* [EXERCISE]
Skip every picture, then write out exactly the lines of the listing below from the line that contains "Costco Royal dispensador" through the final line.

* [DATA SECTION]
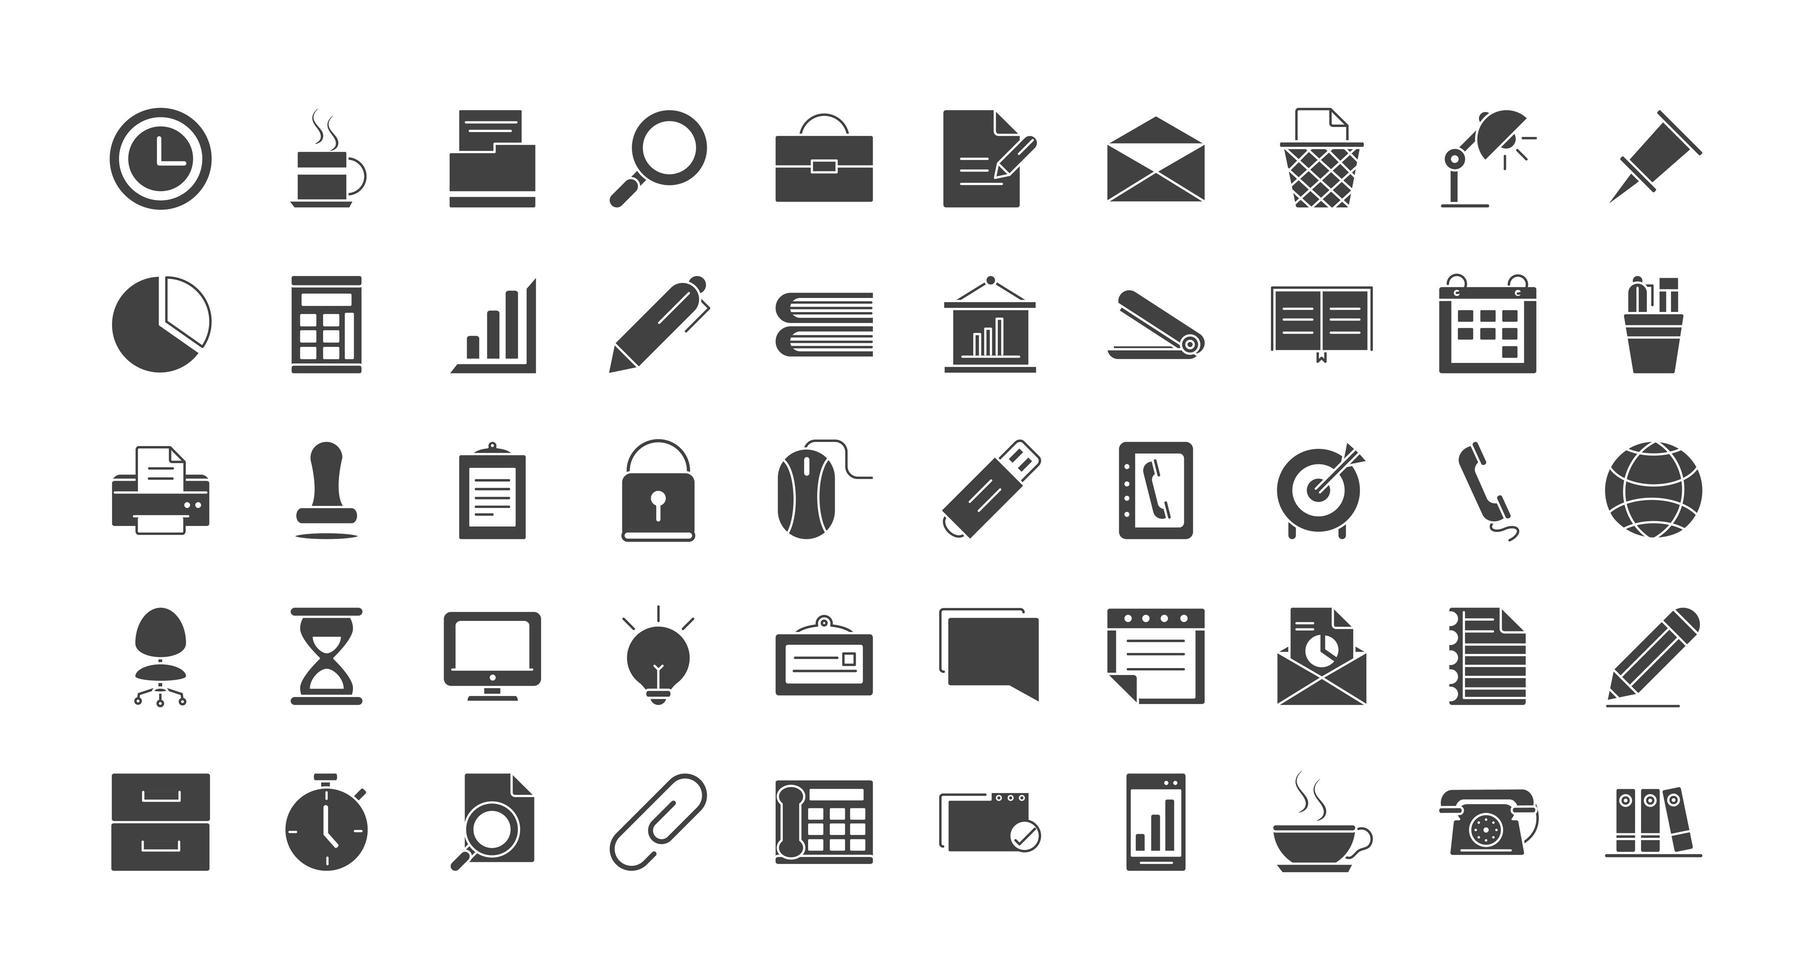 conjunto de ícones de silhueta de material de escritório e papelaria vetor
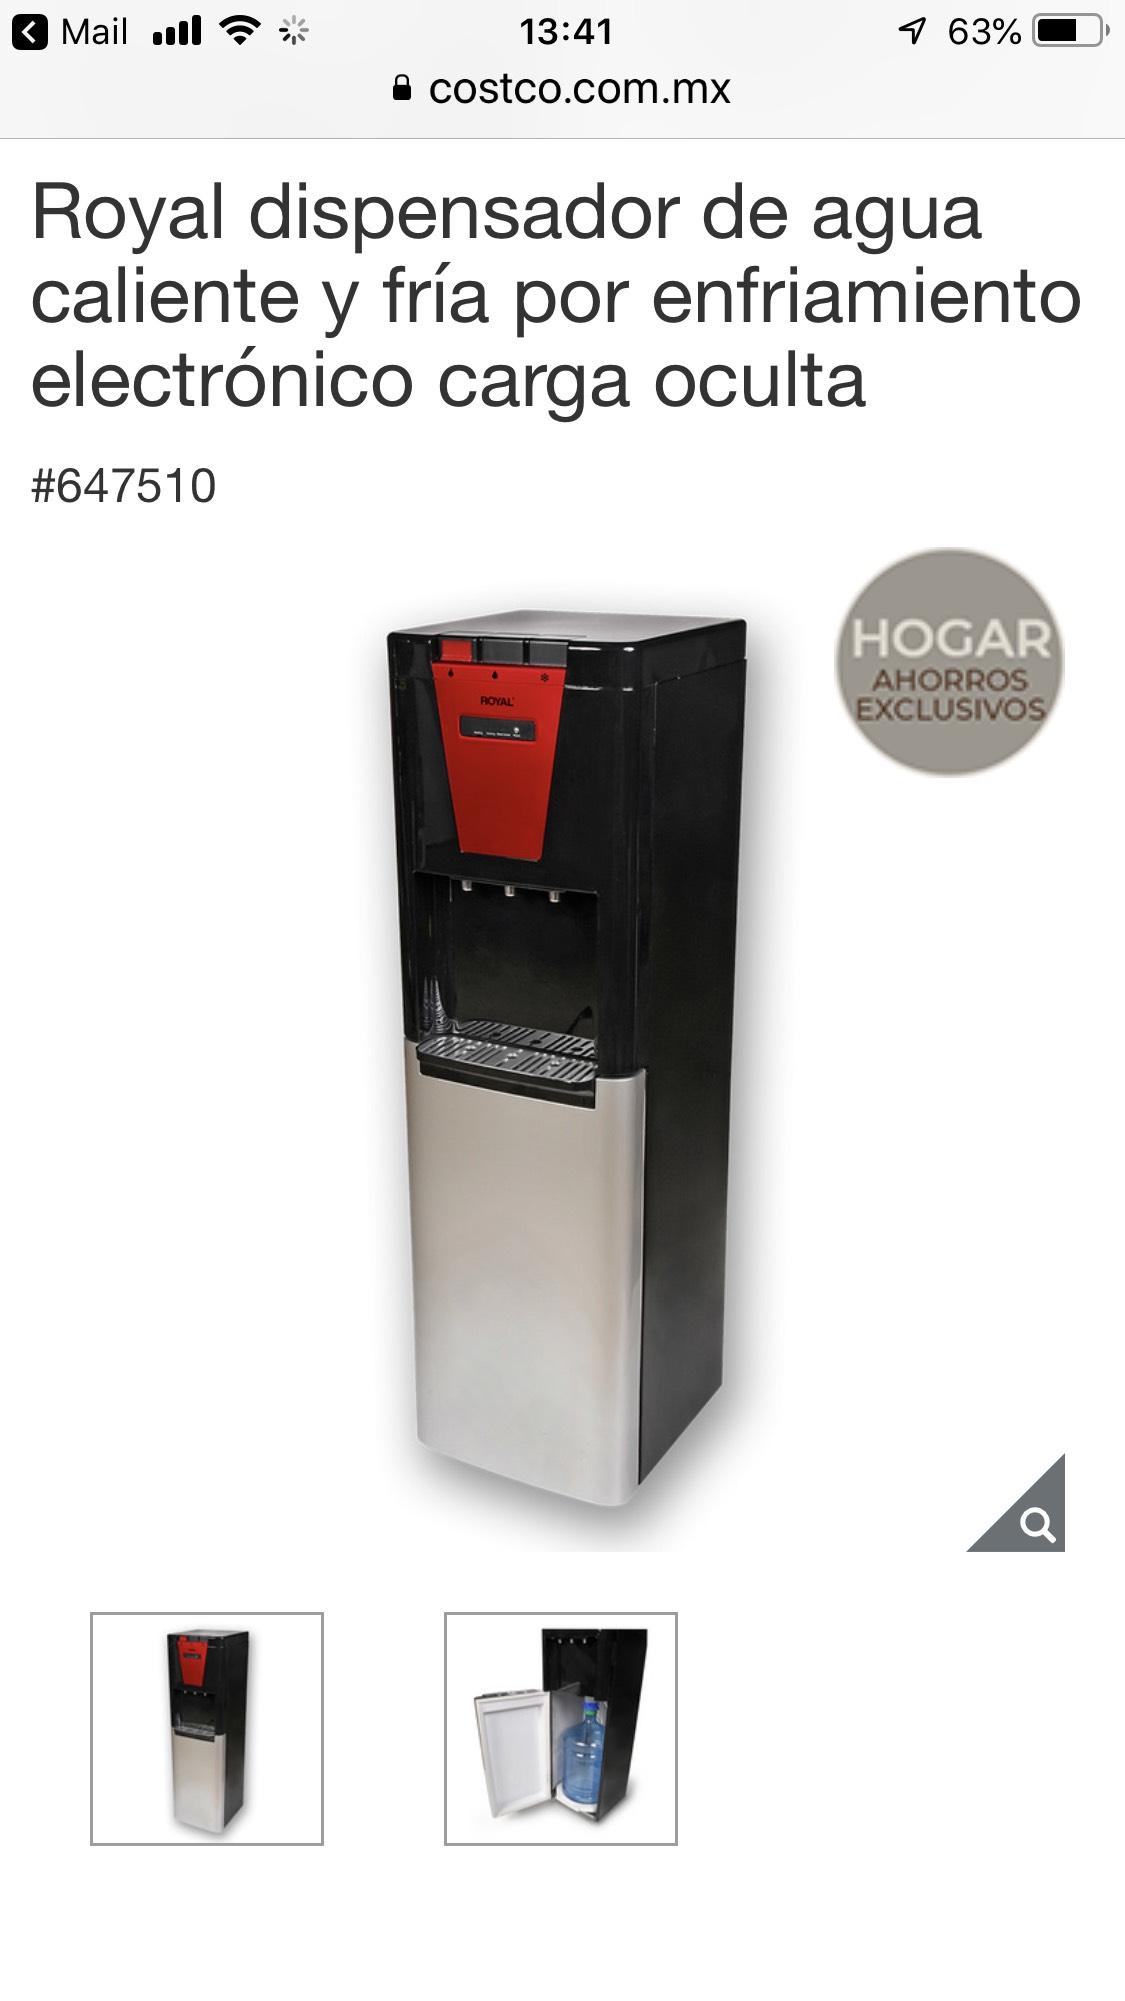 Costco Royal dispensador de agua caliente y fría por enfriamiento electrónico carga oculta
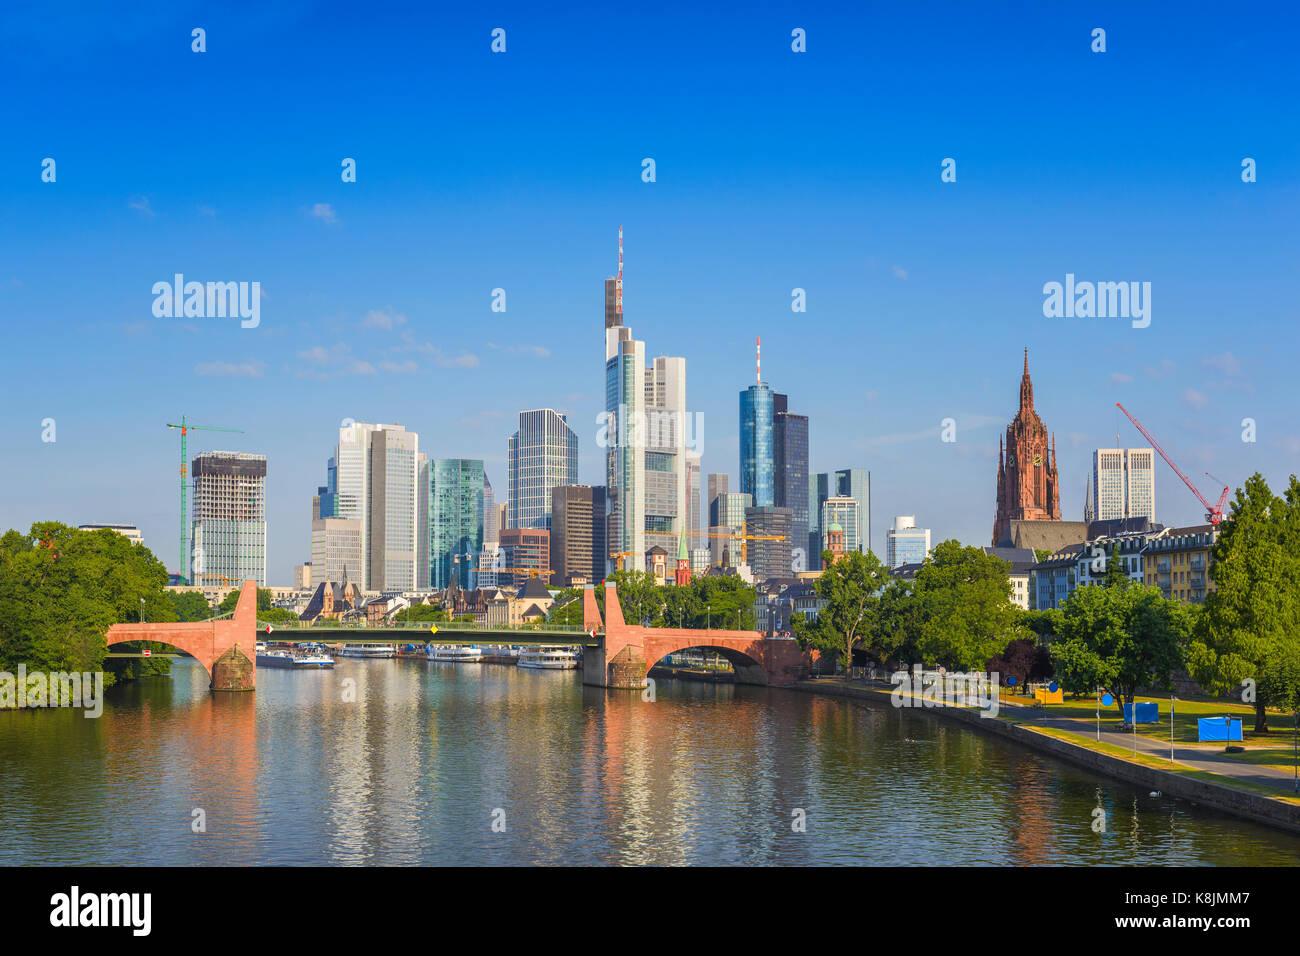 Frankfurt City skyline at Business district, Francfort, Allemagne Photo Stock

* [REPLY]
 Costco Royal dispensador de agua caliente y fría por enfriamiento electrónico carga oculta
 Frankfurt City skyline at Business district, Francfort, Allemagne Photo Stock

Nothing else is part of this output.